Task prompt | Copy the final lines exactly, starting at the one that contains "Ian Powers, 32, of" and ending with the last line of the listing below. Pictures are not part of the copy.

Source data |
★ ★ ★

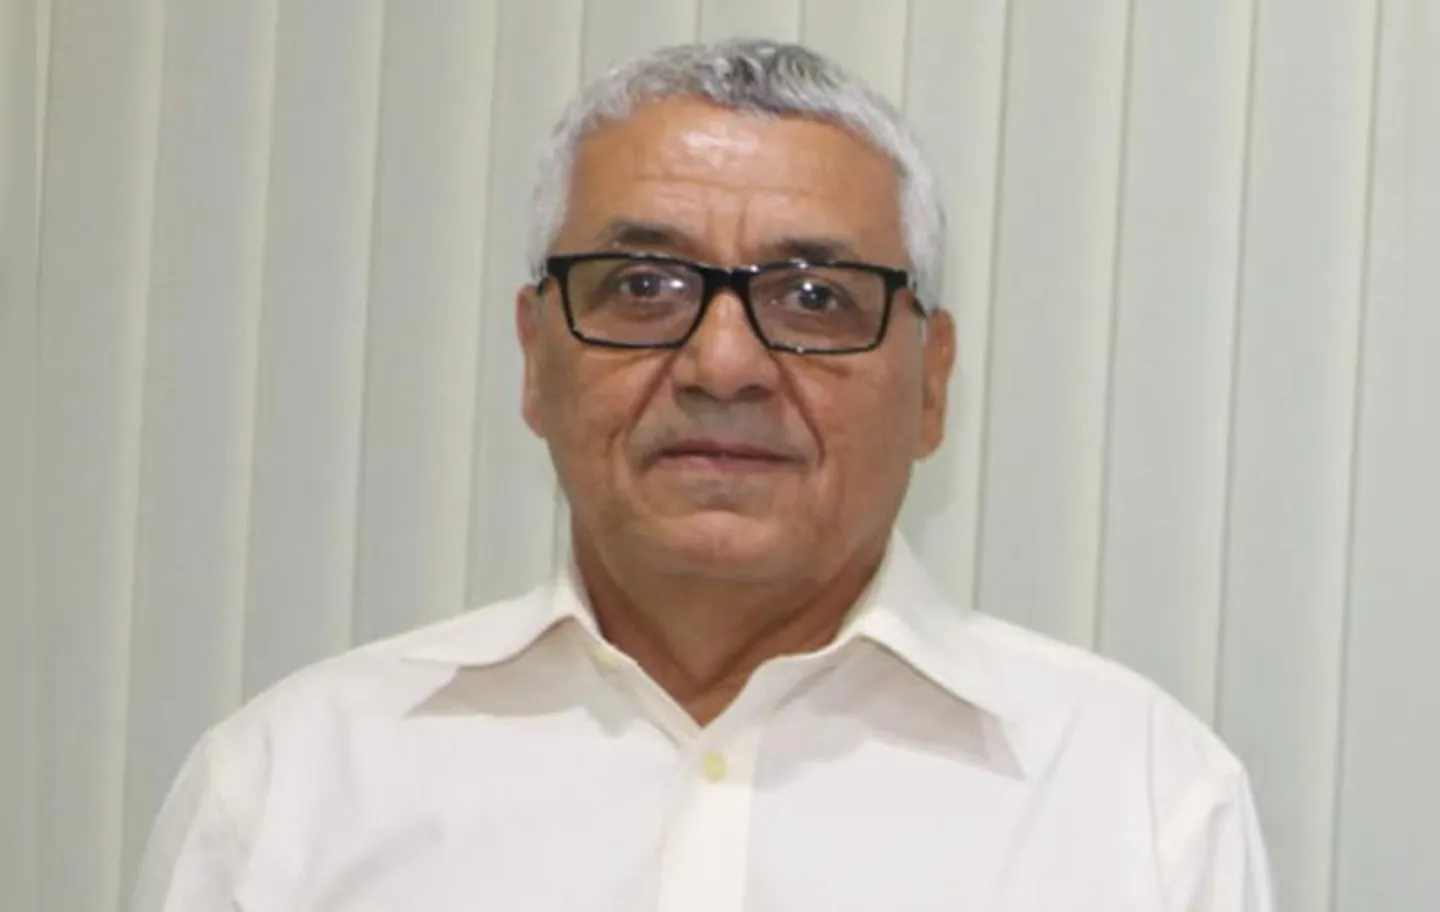 De acordo com denúncia feita por vereador, prefeito Valtécio Neves, "incorre" na suposta prática de grave ato de improbidade administrativa
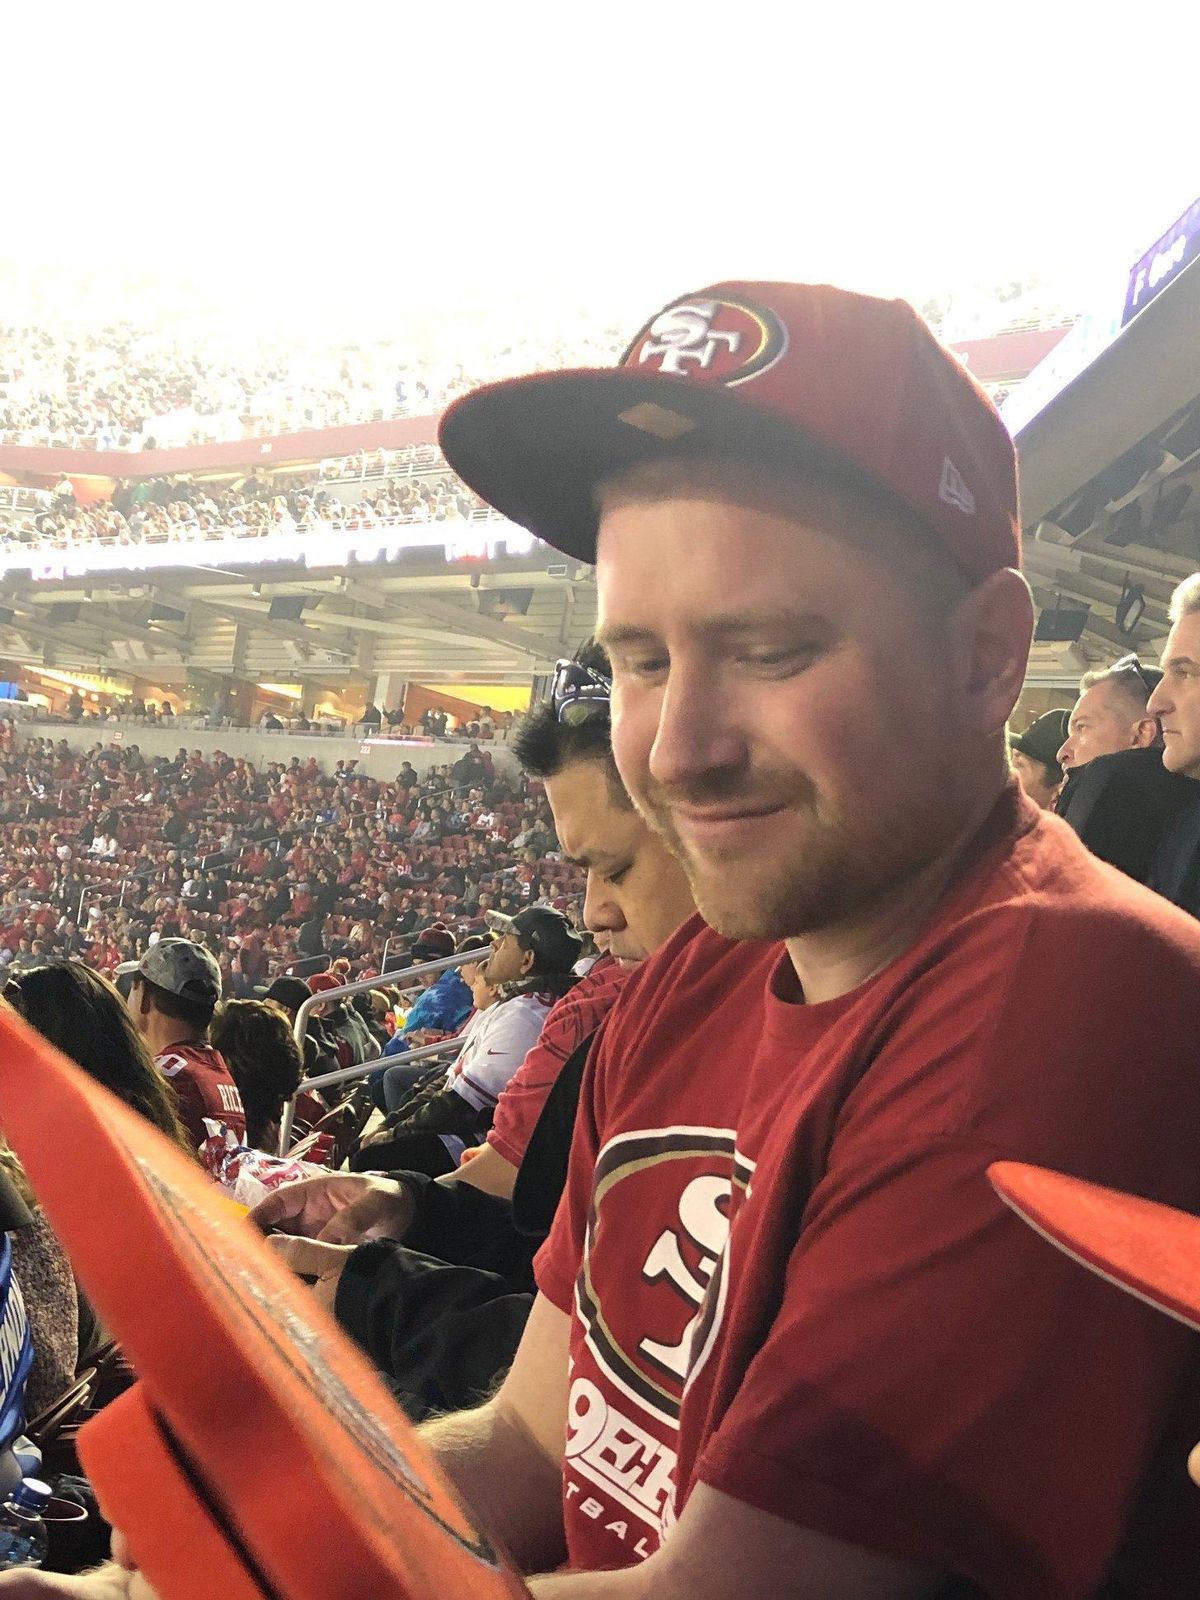 Ian Powers, 32, of Spokane went missing the evening of Monday, Nov. 15, 2018 after a San Francisco 49ers football game in Santa Clara, California. (Santa Clara Police Department / Courtesy photo)
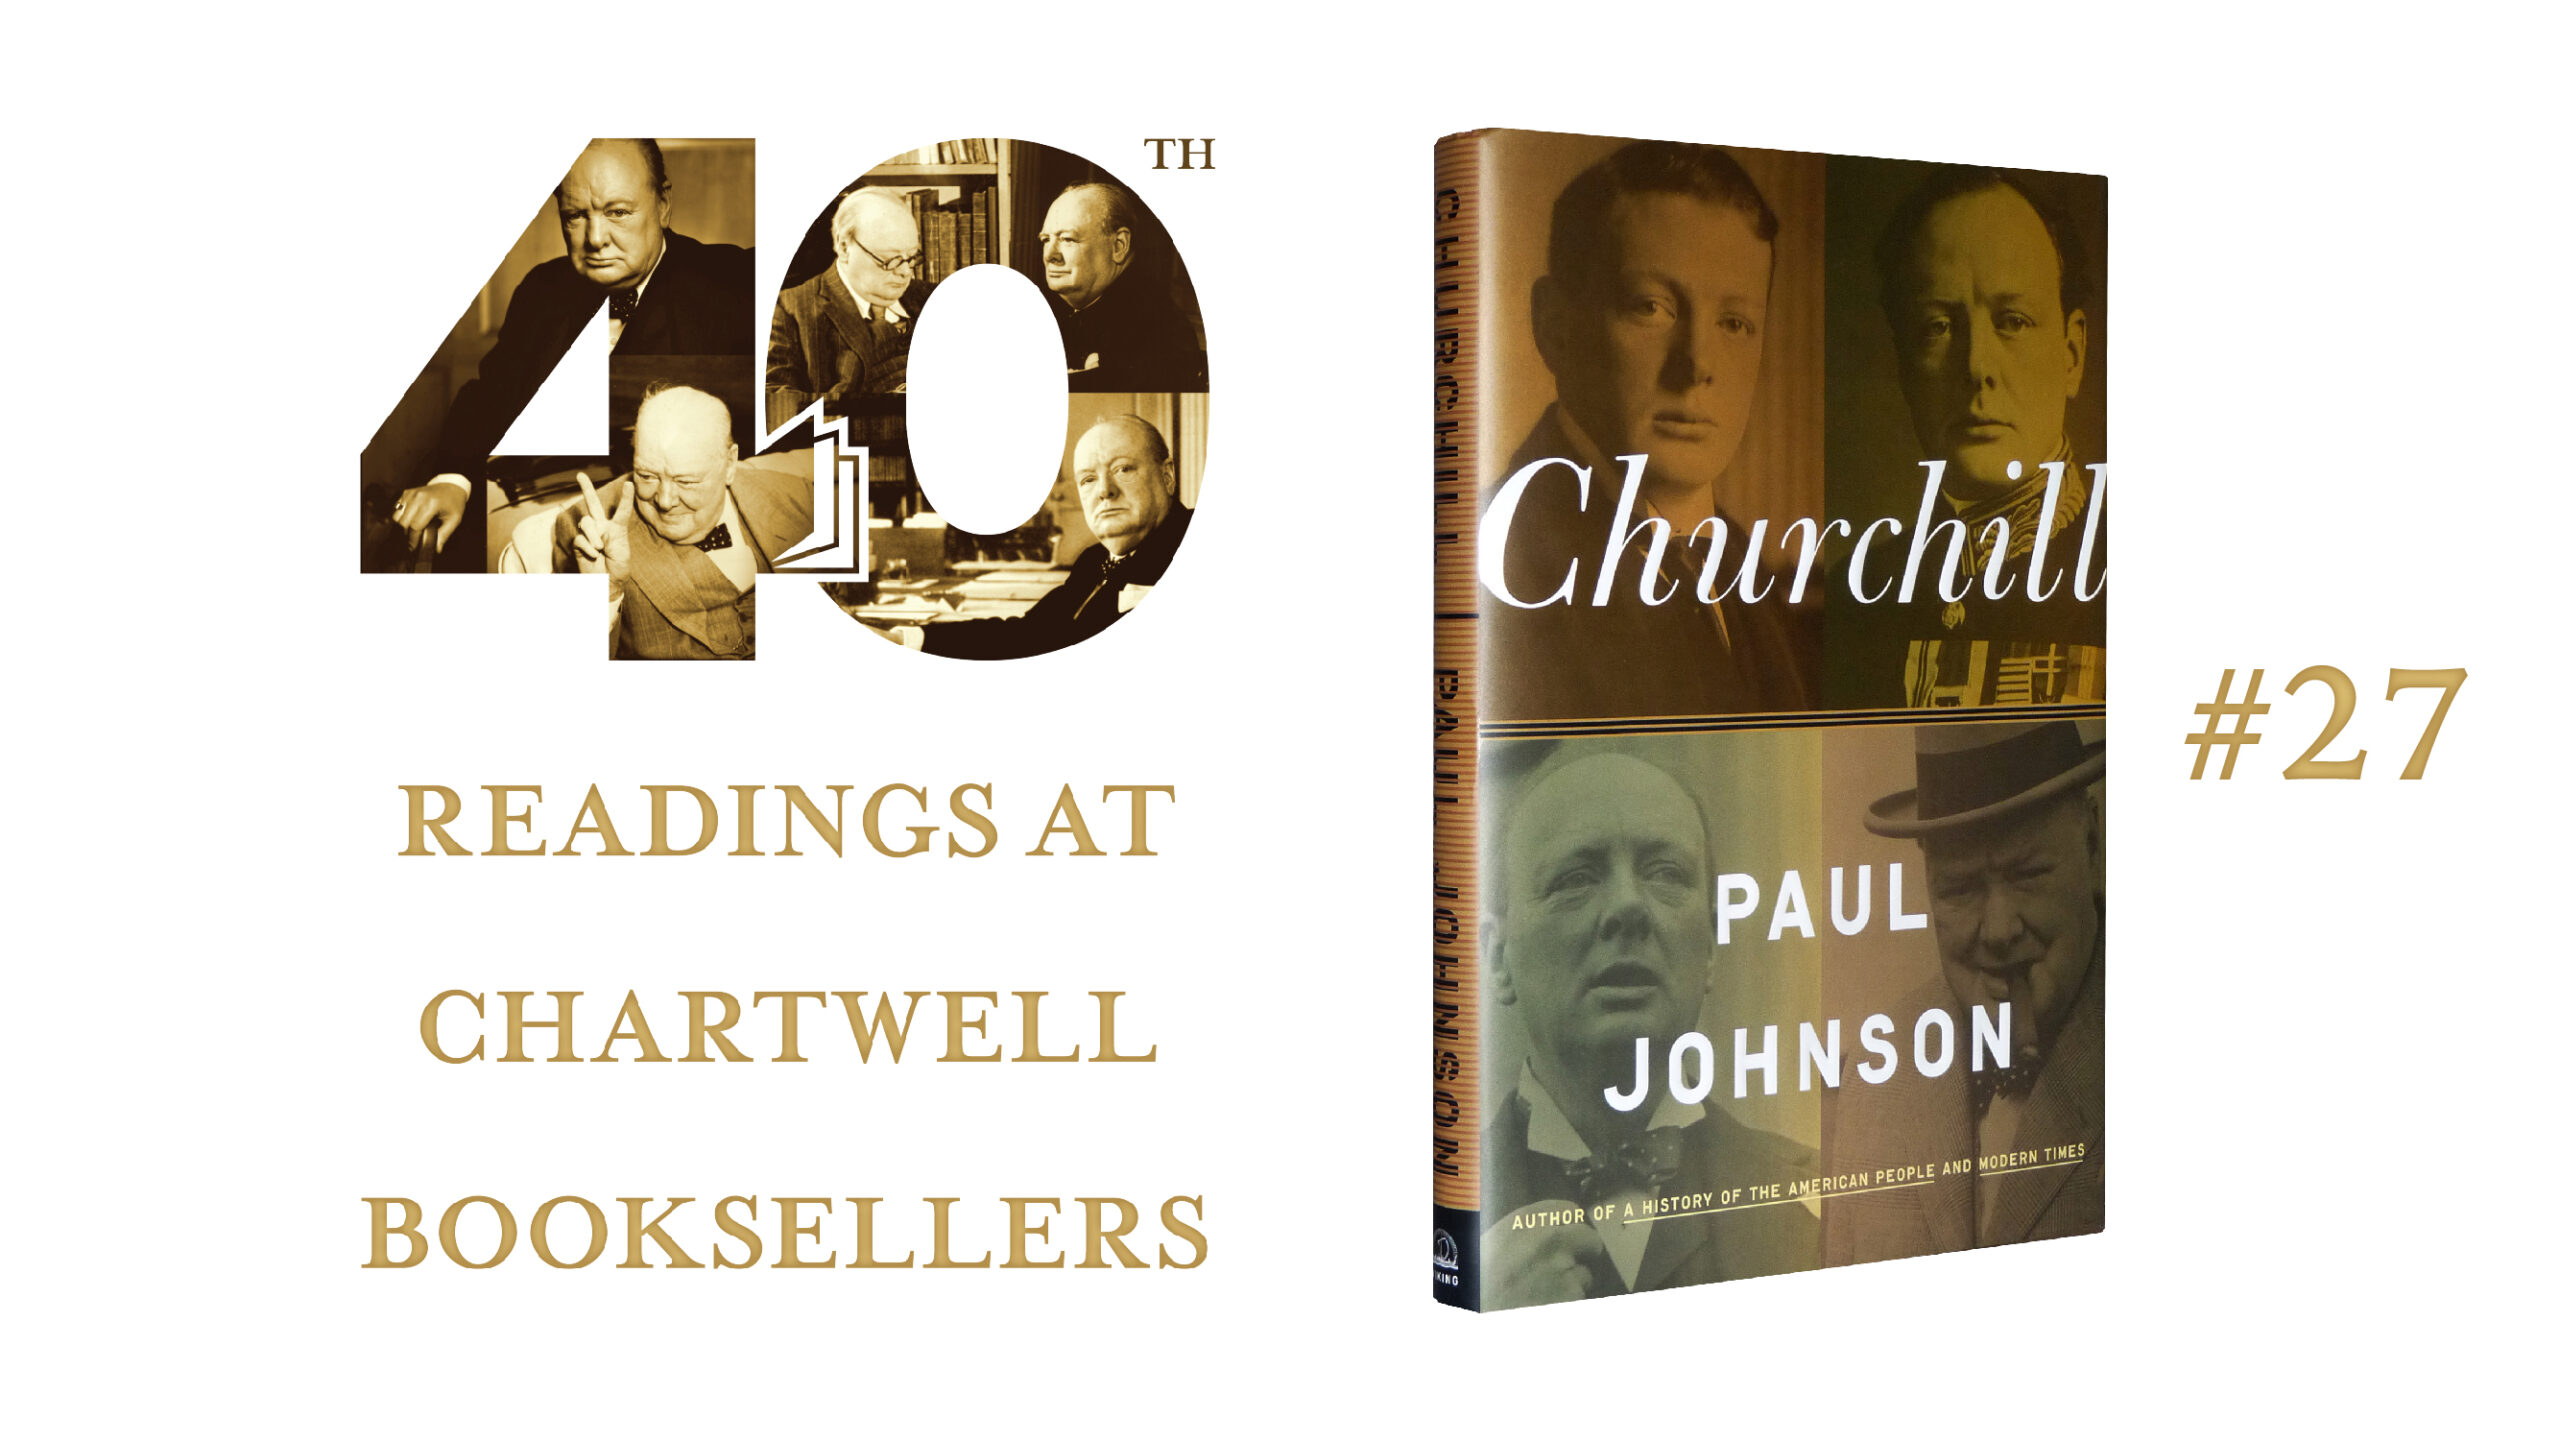 WATCH EVAN HANDLER READ “CHURCHILL” BY PAUL JOHNSON

★ ★ ★

Solution |
 Ian Powers, 32, of Spokane went missing the evening of Monday, Nov. 15, 2018 after a San Francisco 49ers football game in Santa Clara, California. (Santa Clara Police Department / Courtesy photo)
 WATCH EVAN HANDLER READ “CHURCHILL” BY PAUL JOHNSON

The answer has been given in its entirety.